Así que, cual “Ron Damón” con los billetes que “El Chavo” creía que eran para el álbum de cromitos, aquel coreanito hizo que los pescadores se quedaran sin hablar, sin moverse, sin respirar, sin decirle a nadie, mientras apuradito y pelando los dientes de la felicidad hacía un par de llamadas que nadie entendió. Parece que le atinó a algo grande porque al día siguiente se olvidó de su familia coreana y se instaló a vivir cerca de la playa para comprar todo aquel pescado raro que el Océano Pacifico pueda botar, hasta el día de hoy.
Pero, como los chismes vuelan, al poco tiempo ya estaban más asiáticos por estos lares buscando el famoso “ribbon fish” que por primera vez en la historia salía en Ecuador. Y fue así como llegó un chinito a nuestras vidas.
Toñito lo recogió en el aeropuerto con cartelito al estilo Hollywood, lo trajo a la playa, lo instaló en el mejor hotel, sirvió de traductor (porque en el mejor de hotel de aquí, la única persona que hablaba inglés renunció una semana atrás por la mala alimentación), lo invitó a cenar, y cerraron algunos negocios.
El chinito satisfecho con la atención y el producto ofrecido, creyó que era común aquello en este país, y decidió que quería pasar unas largas vacaciones aquí en la tierra prometida.
Caminando por el malecón se encontró con una pareja de viejitos, que por señas le ofrecieron alquilarle una habitación en $200, pero al chinito le pareció muy poco y les pagó $ 300. Luego, feliz por el negocio que había hecho, nos invitó a comer. Llegó con claras señales de haber sido víctima de un avivato vestido con un short multicolor de unas 3 tallas más grandes, y con un corte de peluquería de quinta tan tenaz que dudo le vuelva a crecer el pelo, pero él estaba feliz.
Una semana después decidió salir solo a conocer más playas cercanas, macro error. Lo llamó a Toñito para ponerle el teléfono en la oreja del taxista, y que le pregunte por qué le estaba cobrando $160 por regresarlo a Salinas desde un pueblo llamado “La Entrada” si le había dicho inicialmente $80. No hubo forma de hacerle entender al taxista malvado que si tiene un auto a diesel no habrá gastado más de $ 8 en ir y venir, y que cobrarle más de $30 al chinito, solo por ser chinito, es un abuso que en su pueblo lo pagaría con azotes de ortiga y agua congelada.
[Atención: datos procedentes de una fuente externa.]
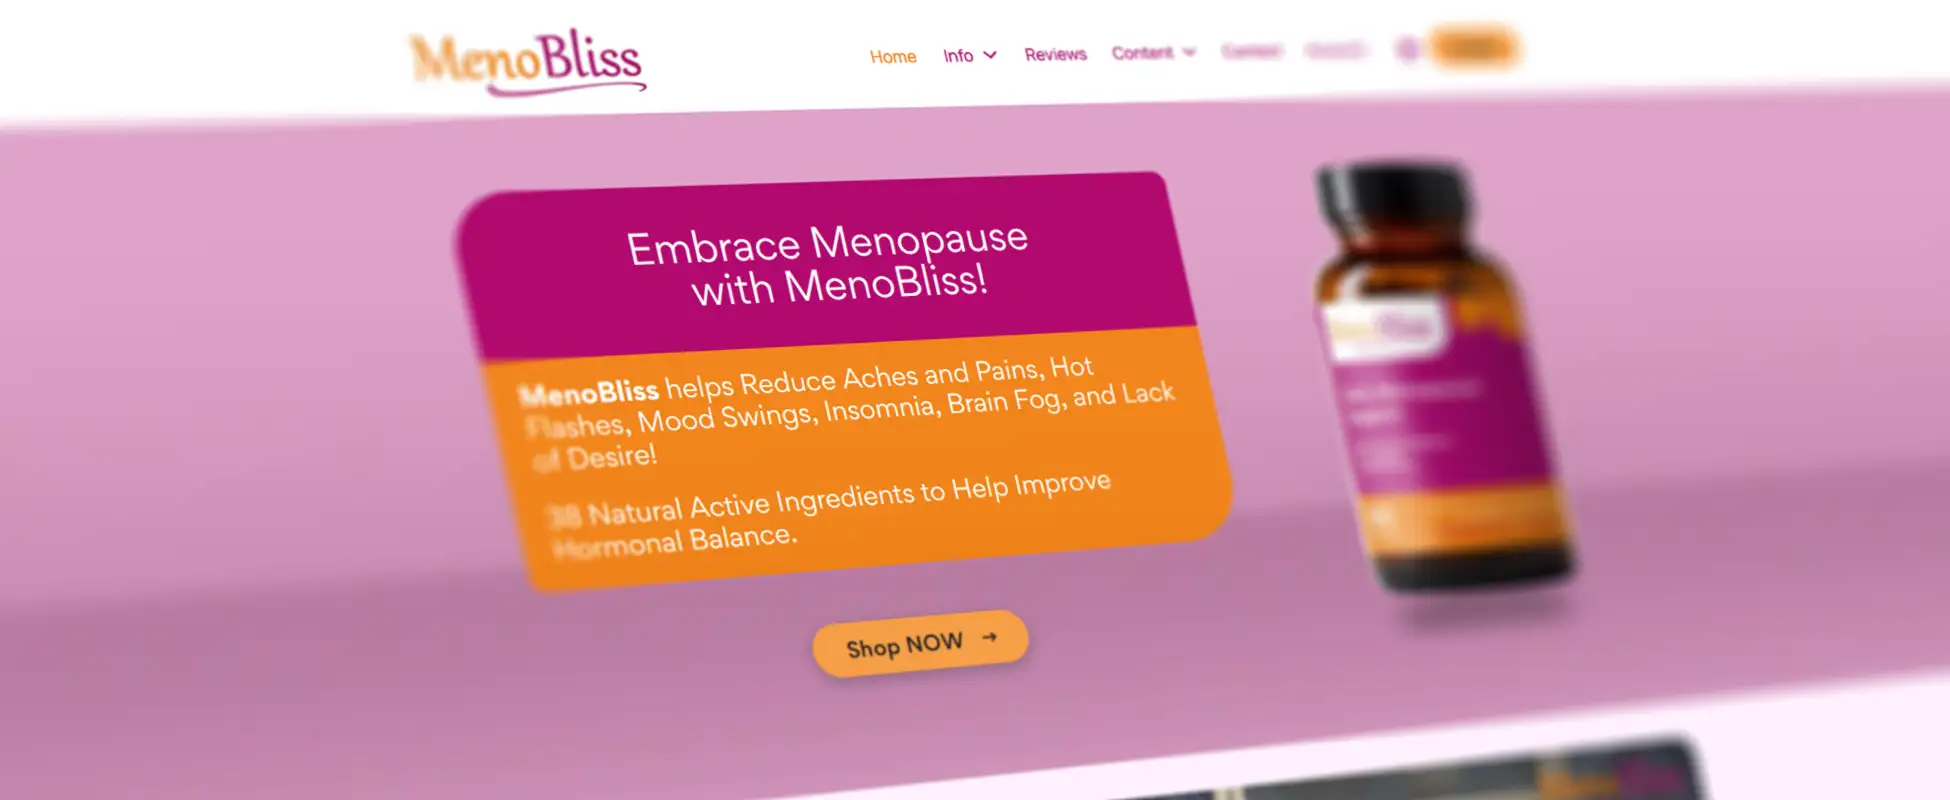 The Genesis of MenoBliss: More Than Just Hot Flashes and Mood Swings

No le importó nada, y lo dejó botado allí en media carretera insultándolo en quichua, como si fuera poco no entender español.
El chinito siguió las instrucciones de parar un taxi amarillo y solo decir “Salinas”, pero luego de una hora y media llamó desesperado porque el taxista le quería cobrar $100 por la carrera y dejarlo botado en pueblo llamado “Chulluipe”.
Una vez más llegó Toñito a salvarlo, y mientras discutía con el taxista por estafador, éste se baja el cierre del pantalón, y comienza a vaciar la vejiga sin ningún reparo por las miradas de sorpresa, asco y coraje.
Finalmente al aterrado chinito aprendió que no debe hablar con extraños, ni subirse en taxis, ni salir a pasear, ni demostrar que es chinito, ni salir del cuarto que alquiló por $100 más de lo que le pidieron.